Confessions of a Crap Artist was one of the few, if maybe the only one, of Phillip K Dick's books that didn't rest in some kind of alternate reality or future reality or some strange sci-fi landscape. It was semi autobiographical, regarding a man who obsessive compulsive as he was with his odd collection of items was obsessive with his sister and her husband even more. This French adaptation maybe wasn't entirely faithful to the source (from what I've heard, anyway, I haven't read the entire book), but it feels through and through like a PKD work, even with its lack of sci-fi platitude. If anything, this is like a Wes Anderson film in some ways. Not simply for the pat base of comparison that it is "quirky", although that is arguable. There's a lighthearted, strange sense of comedy to it all, but there is also a dark dramatic side to it, a level of tragedy of the everyday and mundane that transforms even more as Charles watches his sister and her husband's relationship disintegrate little by little through massive health problems, jealousy, infidelity, and a big psychological power struggle.
The acting is all pretty top-notch too for such a low-budget French indie, with Hippolute Girradot as one of the more convincing "off" obsessive compulsives I've seen in any comedy/drama, with a look in his eyes that looks scarily as if he isn't acting. The married couples respectively (Anne Brochet is on the surface just a b****, but as the film goes further there's almost a sadness to her character that she reveals ever so slightly, and Richard Bohringer as the fed-up husband is terrific too) are truthful to the passive-aggressive and just normal tendencies that get mixed up in the downward spiral that is mostly apparent to the pessimistic "world is going to end" Charles, who types everything out on his typewriter as if it's the most important information possible. If it isn't an entirely successful movie it's because, frankly, Jerome Boivin isn't quite an accomplished director enough with his style. He takes a very fanciful manner with many of the typewriting sequences, and to the speed of the first section, which goes by pretty quickly, and also puts in an underwhelming catharsis at the end (it's the re-appearance of Charles that doesn't work, not the emotions that are sort of conveyed).
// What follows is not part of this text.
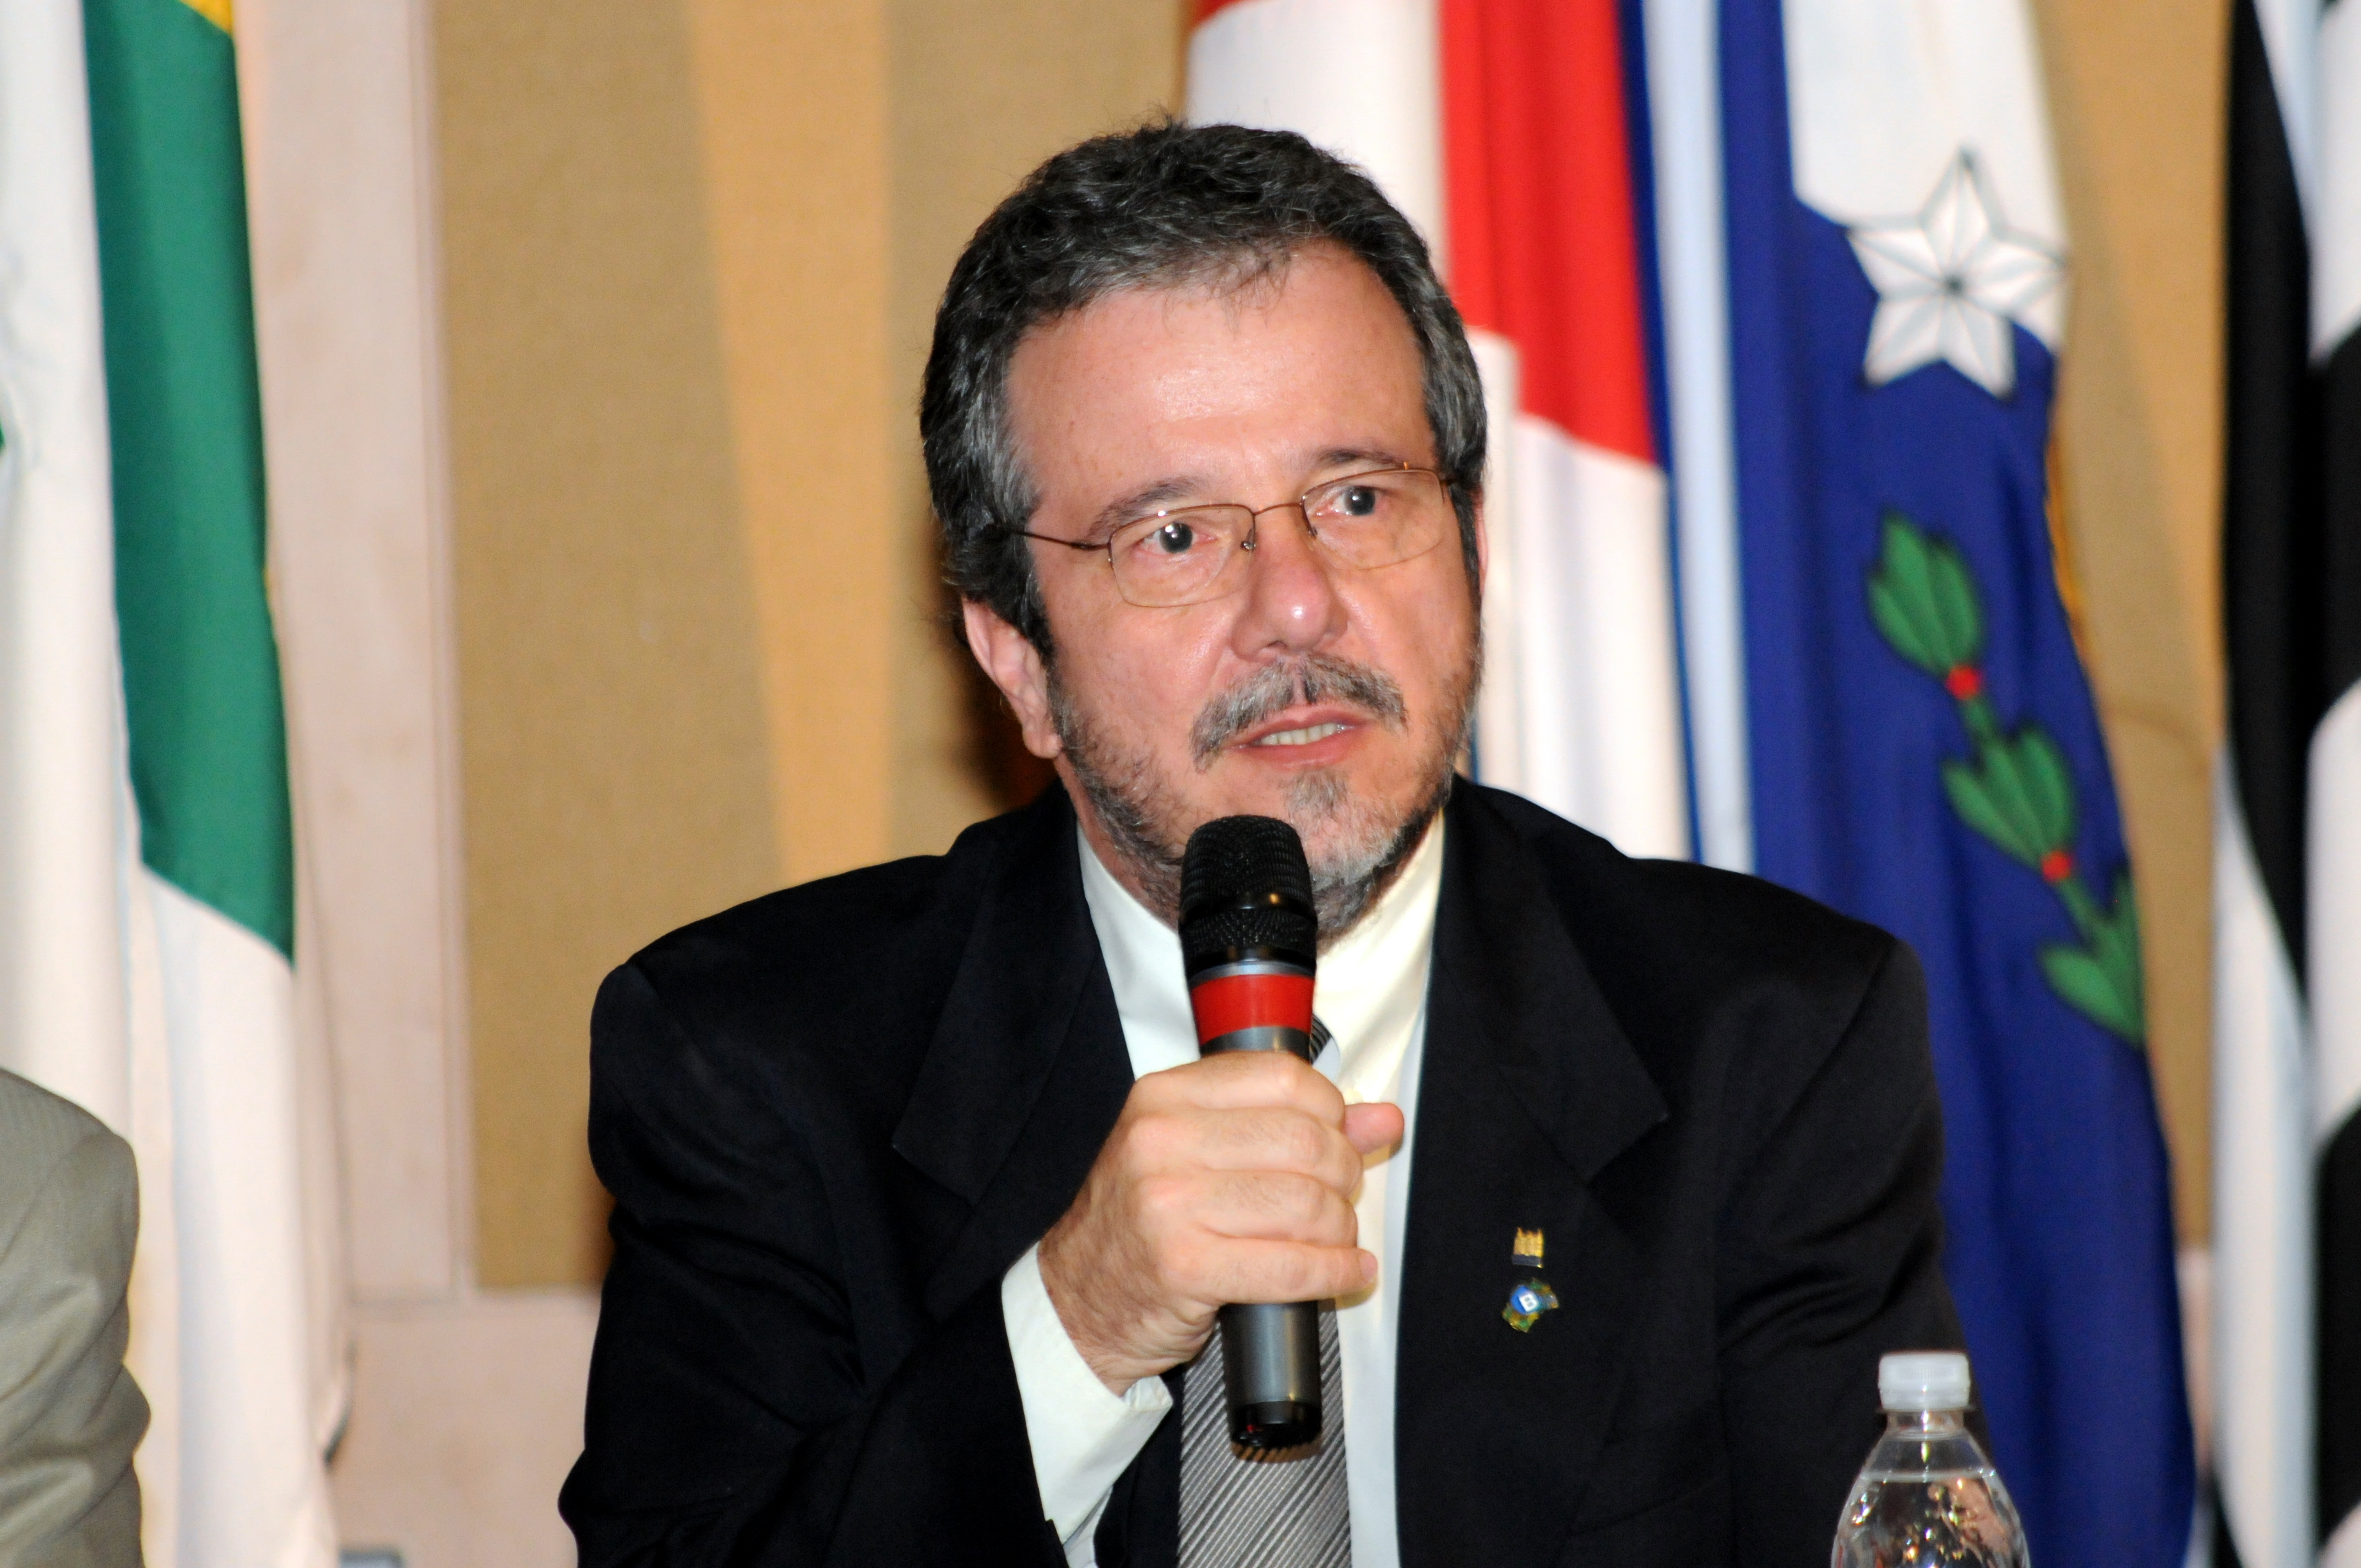 El Dr. João Aprigio Guerra de Almeida es el coordinador del Programa, y responsable de gran parte de su éxito.

But there is a good deal that does work about Barjo, making it one of those underrated and under-seen treats that many PKD fans probably don't know about. It's very funny, for example, to see the sci-fi TV movie re-enactments, or just little things in behavior from Giradot, who will repeat an action another character may do, or will suddenly say something randomly to break the tension, and it will click just right. It falters from being great, and it's conceivable someone could do a better adaptation of the source, from what seems most like Dick's work anyhow. Yet it is a good find nonetheless, something to add to the "crap" collection, as a compliment I mean.